Reputation: 5
I have a dataframe where I would like to fill in values from column "reference column" into the column "trial_number" based on the following two conditions:
The values should only be filled into column "trial_number" if both conditions are met at the same time.
One complication is that the columns "start_time" and "end_time" contain more values than columns "a", "b" and "reference_column". The idea is that each of the values in "reference_column" is filled in multiple rows of column "trial_number".
I as well have the columns "a", "b" and "reference_column" in a separate dataframe.

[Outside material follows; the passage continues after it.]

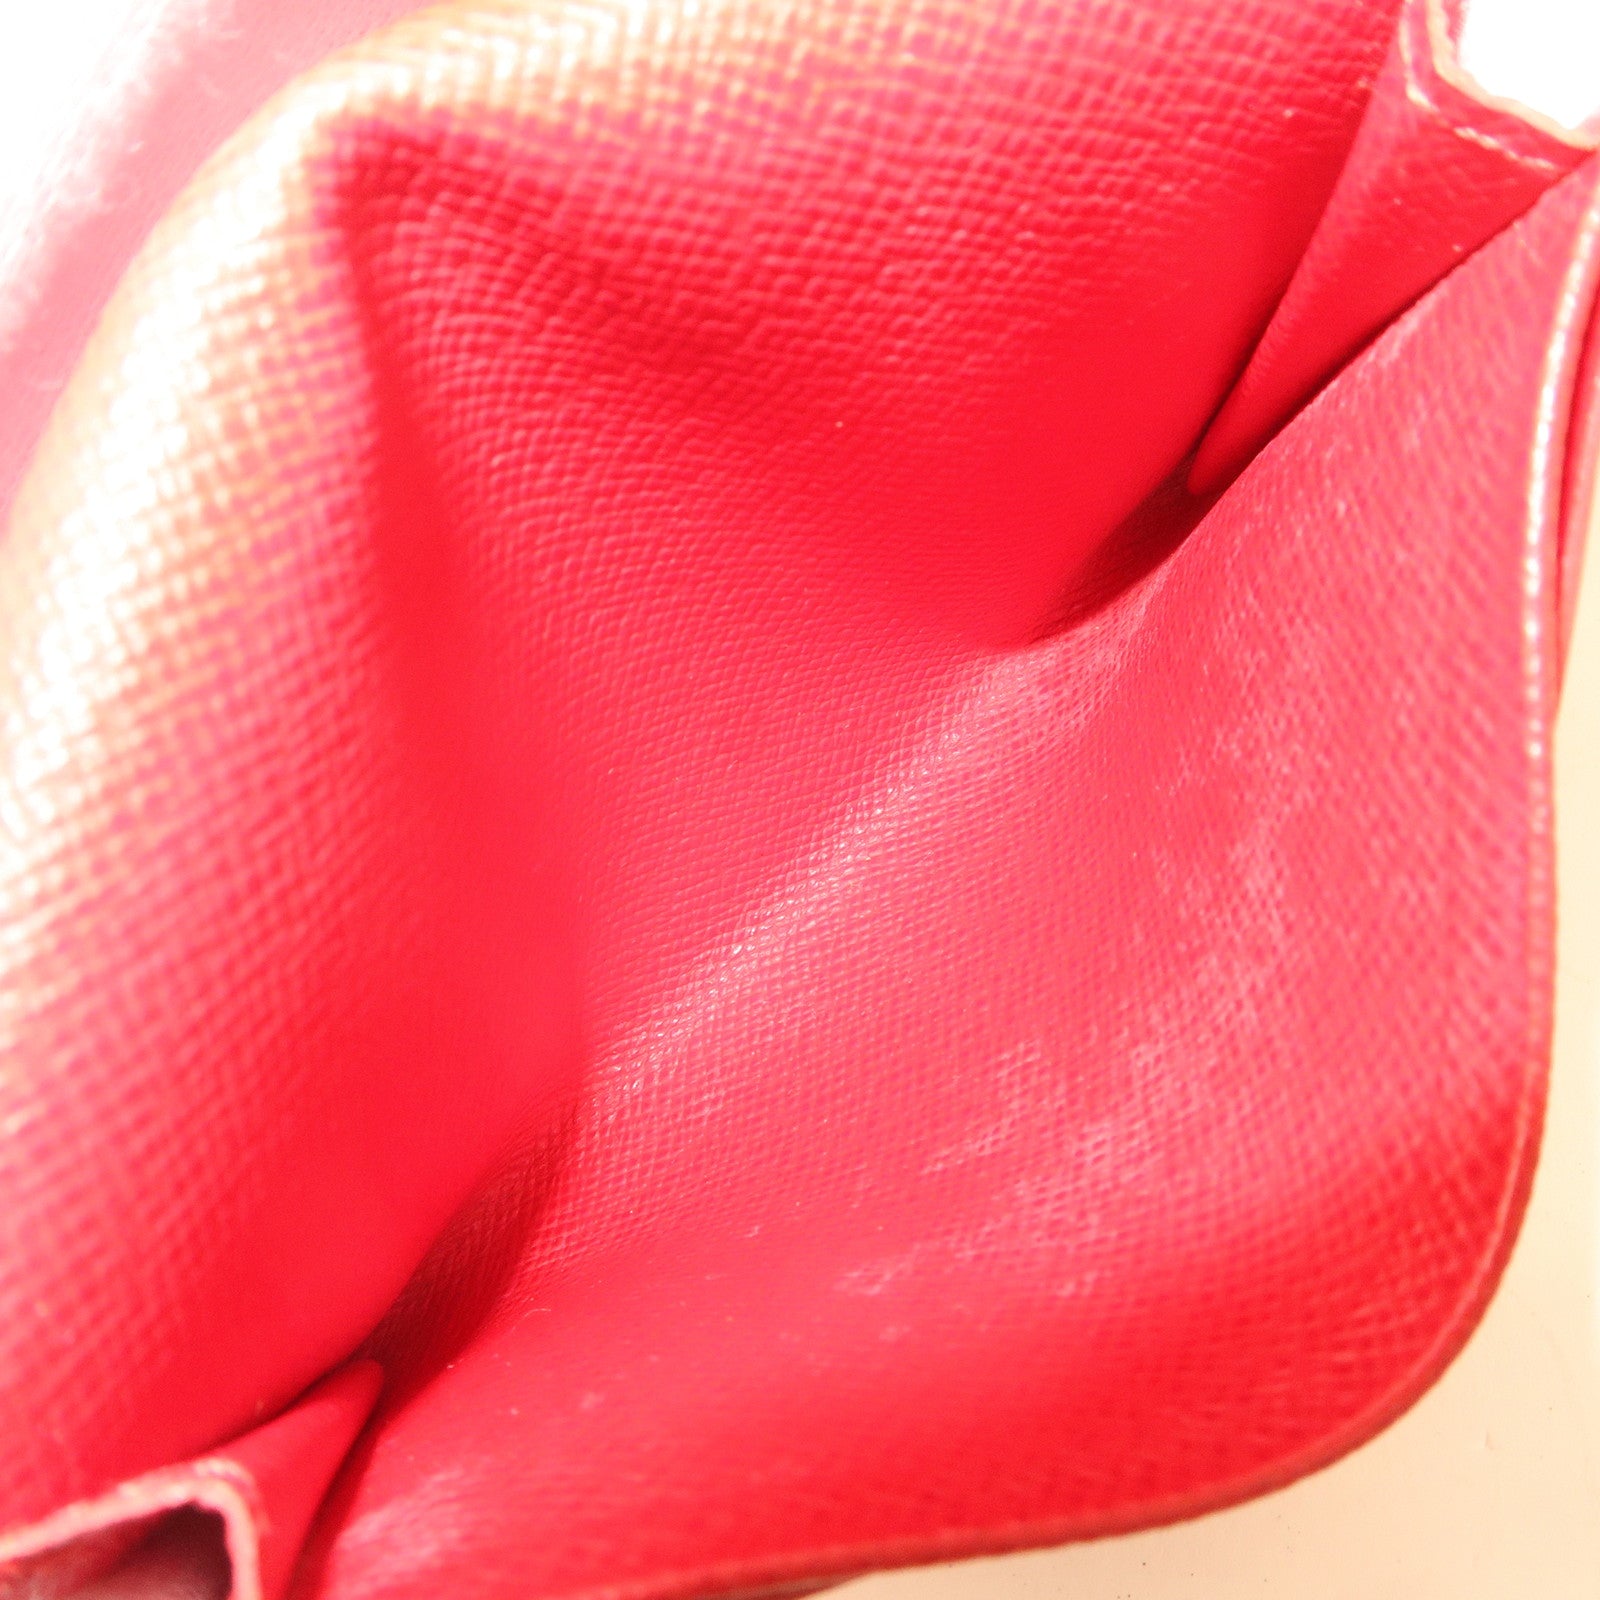 Card Holder - Luxury Epi Leather Pink

A simplified version of the dataframe looks like this:
reference_column a b trial_number start_time end_time
1 1 10 20 NA 12 18
2 2 22 24 NA 22 23
3 3 30 40 NA 23 24
4 4 45 55 NA 31 32
5 NA NA NA NA 35 36
6 NA NA NA NA 36 37
7 NA NA NA NA 37 39
8 NA NA NA NA 46 51
9 NA NA NA NA 47 53
10 NA NA NA NA 50 54
In the end, the desired output (filled values in "trial_number" should look like this:
reference_column a b trial_number start_time end_time
1 1 10 20 01 12 18
2 2 22 24 02 22 23
3 3 30 40 02 23 24
4 4 45 55 03 31 32
5 NA NA NA 03 35 36
6 NA NA NA 03 36 37
7 NA NA NA 03 37 39
8 NA NA NA 04 46 51
9 NA NA NA 04 47 53
10 NA NA NA 04 50 54
Since I am quite new to R, I would be very happy about any recommendations. I already tried to use a for loop in combination with an if-statement, but wasn't successful because of the unbalanced number of data entries and various conditions. Thanks a lot in advance!
Upvotes: 0
Views: 74
Reputation: 1922
Perhaps this approach would be helpful?
Dataset:
library(tidyverse)
df <- data.frame(referenceColumn = seq(from =1, to = 10, by =1),
a = c(10, 22, 30, 45, NA, NA, NA, NA, NA, NA),
b = c(20, 24, 40, 55, NA, NA, NA, NA, NA, NA),
trialNumber = rep(NA, 10),
startTime = c(12, 22, 23, 31, 35, 36, 37, 46, 47, 50),
endTime = c(18, 23, 24, 32, 36, 37, 39, 51, 53, 54))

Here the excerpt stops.